Дядя Федя кивнул понимающе.
— У него ужас как много записано! — без опаски продолжала я, почувствовав, что дядя Федя — могила, никому не скажет. — Услышит какой-нибудь разговор в трамвае — в тетрадку, смешную фамилию встретит — например, Золотопуп или Шанюшкина — туда же.
Дядя Федя слушал с большим интересом, и это меня вдохновляло.
— У него и стихи есть! Я многие наизусть помню.
— И стихи пишет? — уважительно поцокал языком дядя Федя.
— Уже три тетради! — похлопала я по дяди Фединой руке. — Вот, например.
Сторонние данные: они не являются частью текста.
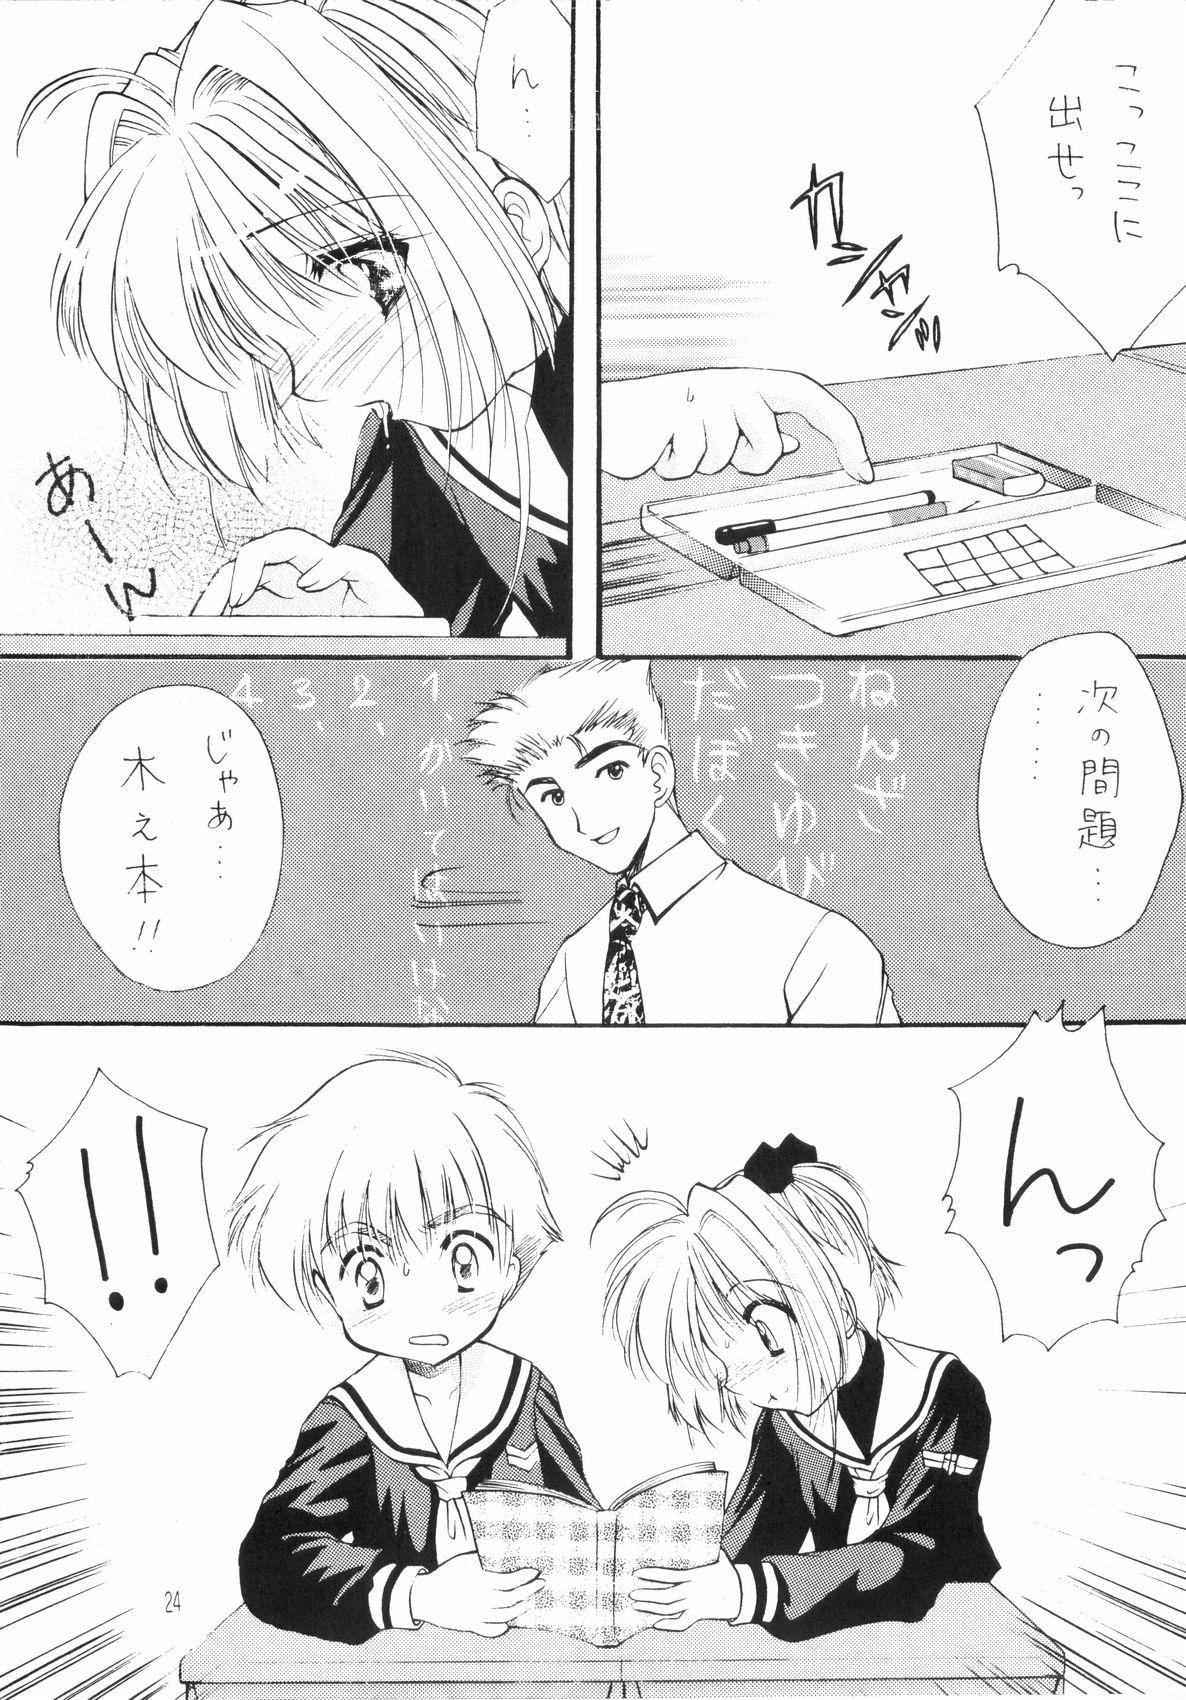 Sakura Enikki 23

Но только эти очень грустные, это ему еще семнадцать лет было, и он хворал.
Я замолчала, взволнованная воспоминаниями о тяжелой Борькиной болезни, о тех тревожных днях, когда мы с мамой не отходили от его постели.
— Он чуть не умер у нас тогда, — шепотом сказала я и заметила, что и дядя Федя разволновался.
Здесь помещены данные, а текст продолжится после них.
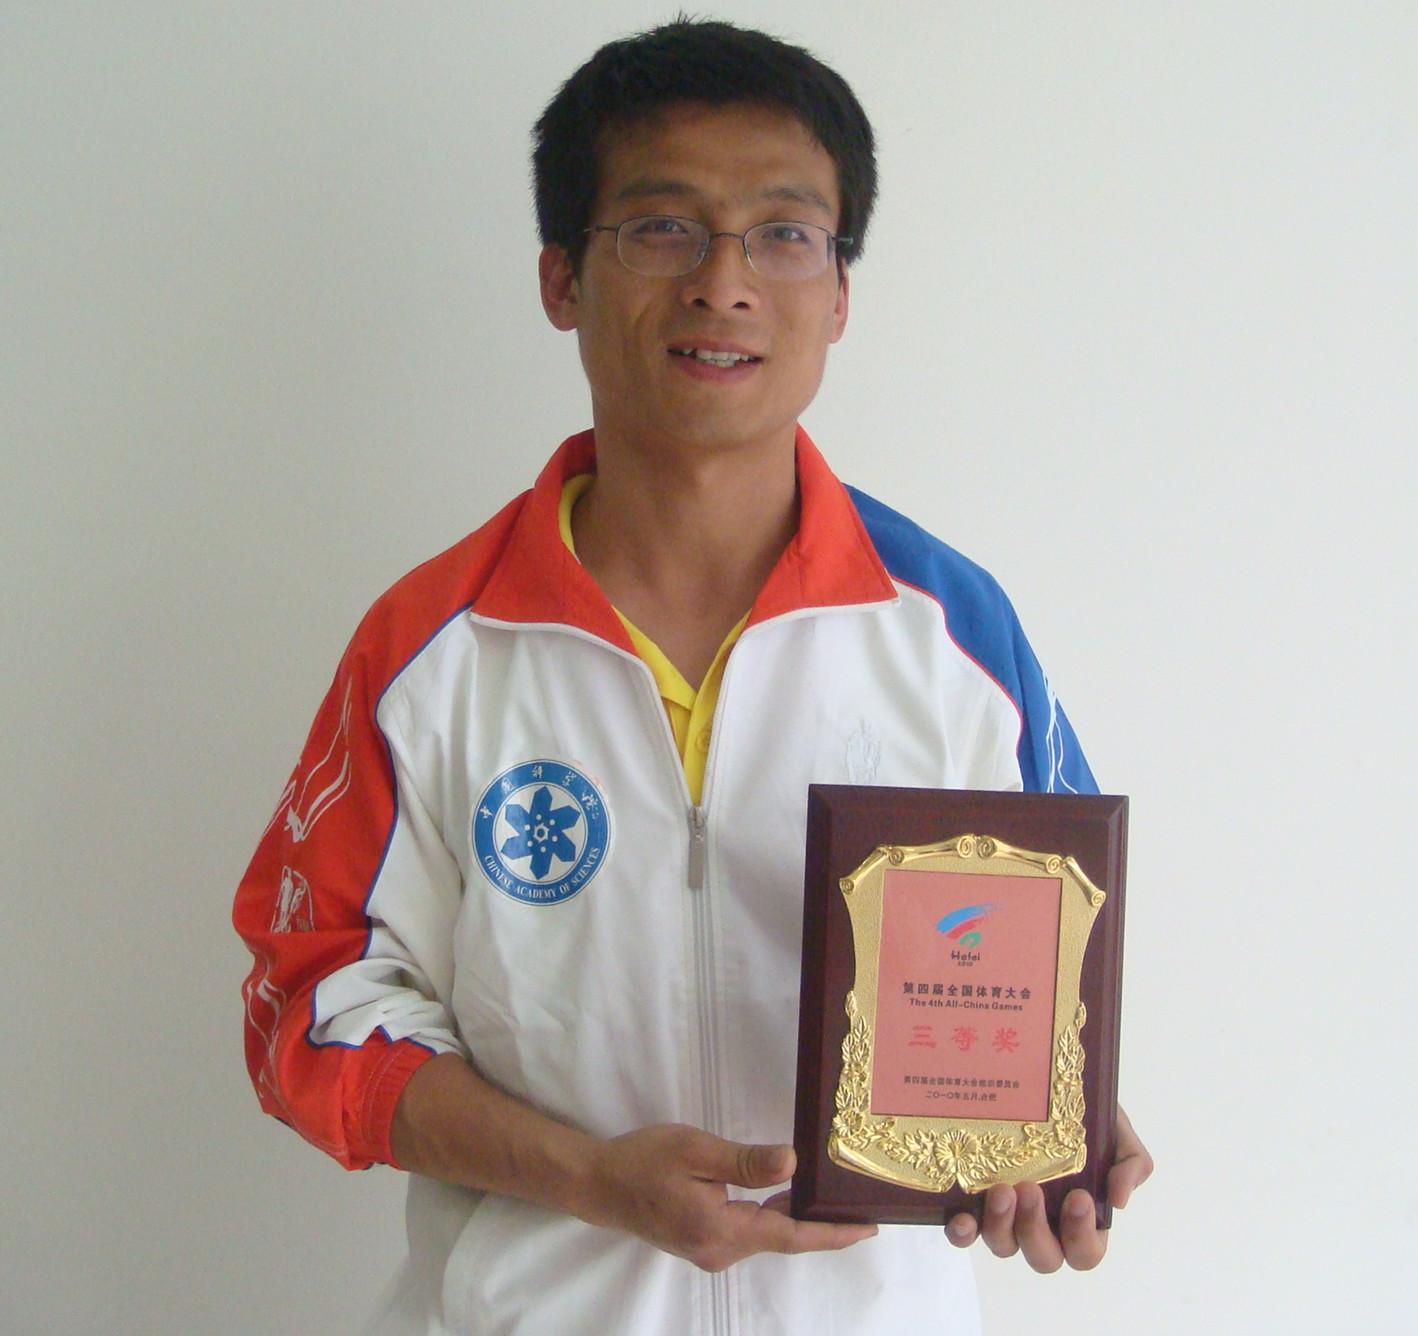 2013扬州国际马拉松_挑战马拉松,塑造文体科大

— Слава богу, что обошлось, — сказал он и добавил: — Складно как сочиняет!
— Ой, дядя Федя! А знаешь, какой конец у этого стихотворения? Я его никому-никому не читаю, а тебе прочитаю. Хочешь?
— Давай…
У меня мурашки побежали по коже, я приложила ладони к щекам и, до конца выдохнув, смотрела на дядю Федю. Что он скажет после этого?
Дядя Федя тоже глядел на меня. Потом, продолжая думать, отвел глаза в окошко и, наконец, проговорил серьезно:
— Ну, это уж он лишку хватил… Мать, наверно, растревожил, да и себя.
— И меня тоже!
— Вот я и говорю — лишку хватил. Ни к чему это… и так и далее…
Мы помолчали.
— Да-а-а, — снова задумчиво заговорил дядя Федя. — Совсем парнишкой был и так хорошо сочинял, а теперь, выходит, еще лучше пишет.
— Конечно! — воскликнула я. — Только он сейчас не пишет.
— Что ж он так? — быстро и, как мне показалось, с сожалением спросил дядя Федя.
— Да я же говорю, он собирает материал для романа, — поглядев на двери, тихо объяснила я. — Он прозаиком хочет быть.
— А про что роман-то?
— Про жизнь!
Дядя Федя задумался и долго молчал. А потом спросил:
— Про свою, что ли?
— И про свою, и про чужую.
Дядя Федя с сомнением покачал головой.
— Молод уж больно. Откуда ему жизнь-то знать?
— Так он ведь не сразу начнет писать, пока материал не насобирает — не сядет. Может, еще целый год пройдет.